Why the News Isn't Really the News

Uploader Description: 'Ryan Holiday, the author of, "Trust Me, I'm Lying," shares a bit about how he has manipulated media to get bogus, anonymous stories to the front-page of news media outlets. He wonders if many of our news stories can even be trusted because the system by which news outlets pick up their stories is flawed. In fact, the news may not really be the news at all.

We interviewed Ryan Holiday to find out more. The epiphany? If you're not paying for a product online, then you ARE the product.'
siftbotsays...

Self promoting this video and sending it back into the queue for one more try; last queued Monday, May 13th, 2013 1:17pm PDT - promote requested by original submitter dotdude.

yellowcsays...

Even if you are paying for it, there's always more money to be made.

You need a publicly funded company that truly does not rely on any outside source except taxpayers and is strictly and forever forbidden to show a single ad. It's just so damn hard to not be corrupt though.

The second your outlets relies on any sort of metric to survive, like page views, the majority of your efforts simply must go towards increasing that metric, there is no other choice, staying in business is not a simple thing to do.

aimpointsays...

Yep this is what news companies of the modern era are, retweeting and reposting stuff we see on the internet. Good job cnn, your as credible as lulcatz without being cute.

VoodooVsays...

yeah I gotta agree with @yellowc. paying for a news site doesn't give news sites much more incentive to be truthful and more integrity.

This is the sort of thing that makes me in favor of state run media, but that has a completely different set of pitfalls and high potential of corruption. My only hope about state run media is that at least it would be answerable to taxpayers instead of shareholders. If we didn't have so many low information voters and we had higher voter participation, I'd like to think state run media could work but yeah, I acknowledge that I'm just being wishful and realistically it wouldn't work.

so private news organizations: susceptible to sensationalism and private agendas. State run news: susceptible to simply becoming propaganda.
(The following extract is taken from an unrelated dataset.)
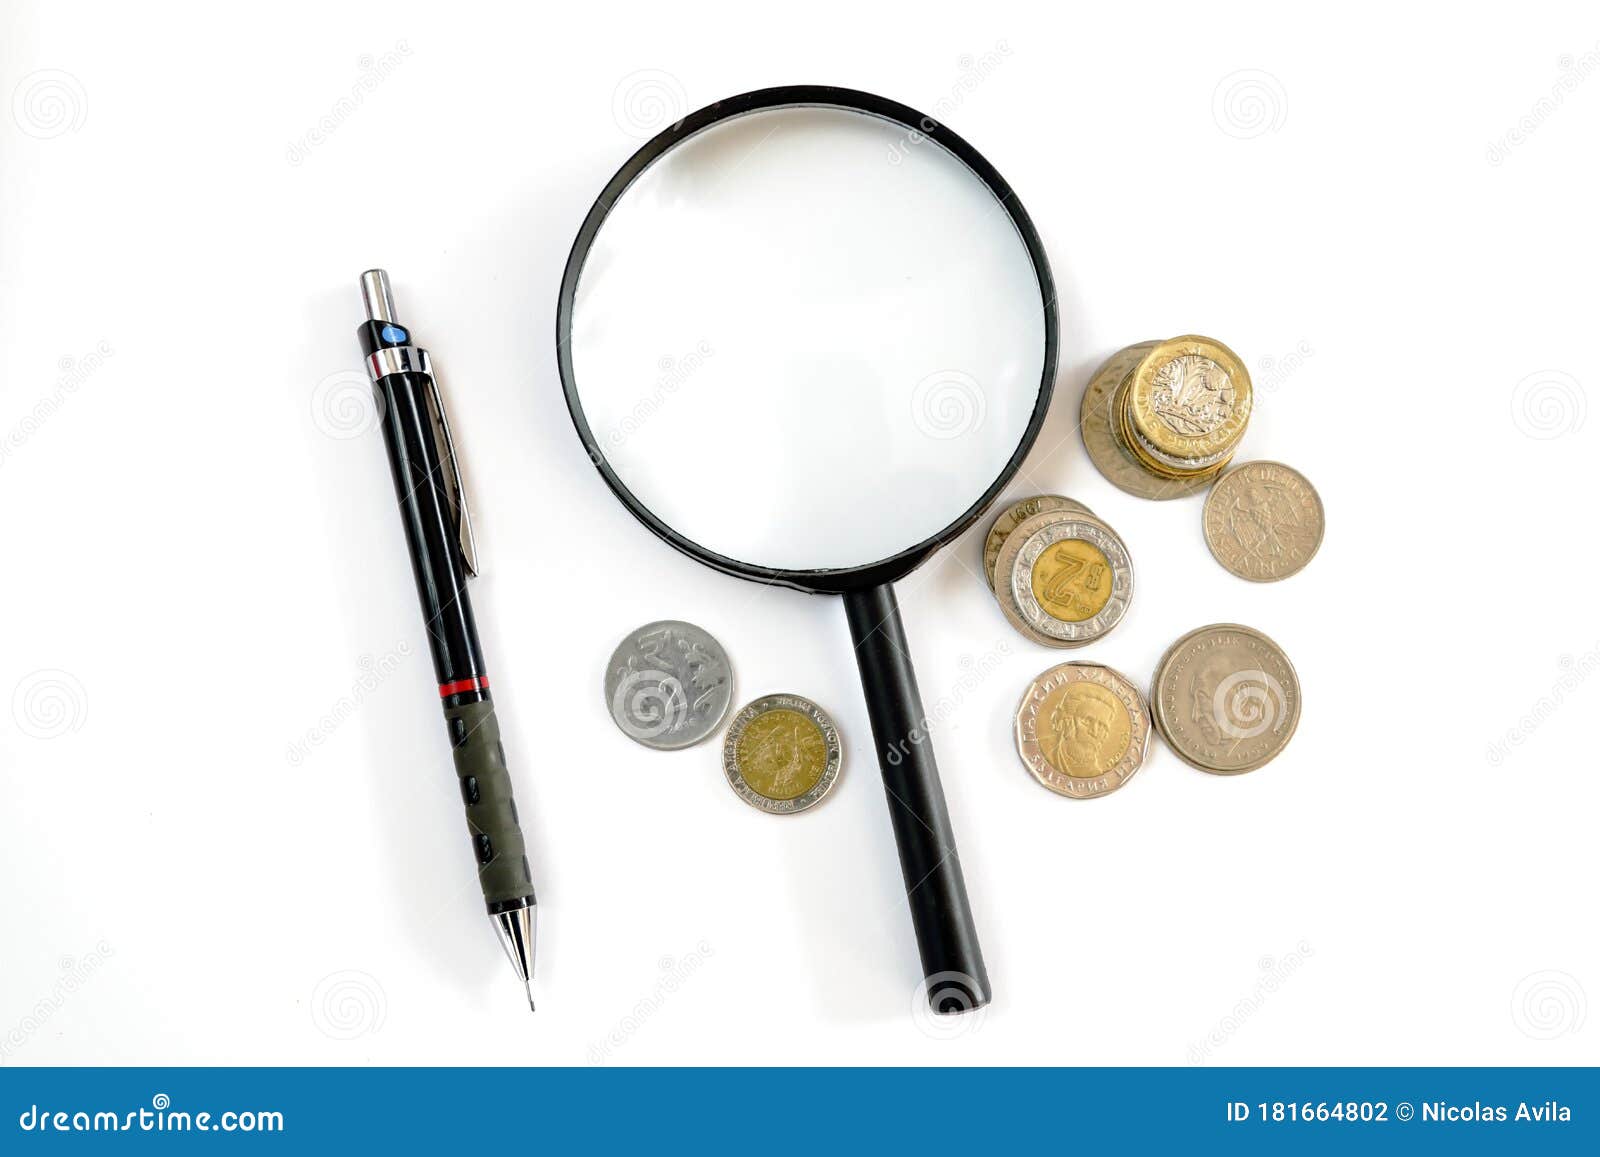 magnifying glass, coins of various countries

So what's the solution? How do you incentivise being factual and removing bias, or at the very least identify bias easily. Even biased news can be useful IMO as long as that bias is clearly known and open to criticism and counter arguments.

The biggest pet peeve I have with media is the mentality that every issue has 2 and only 2 ways of looking at it and they're both equally likely because current news media thrives on manufactured controversy. One side typically has more evidence than the other, yet it's presented as if both sides are equally plausible.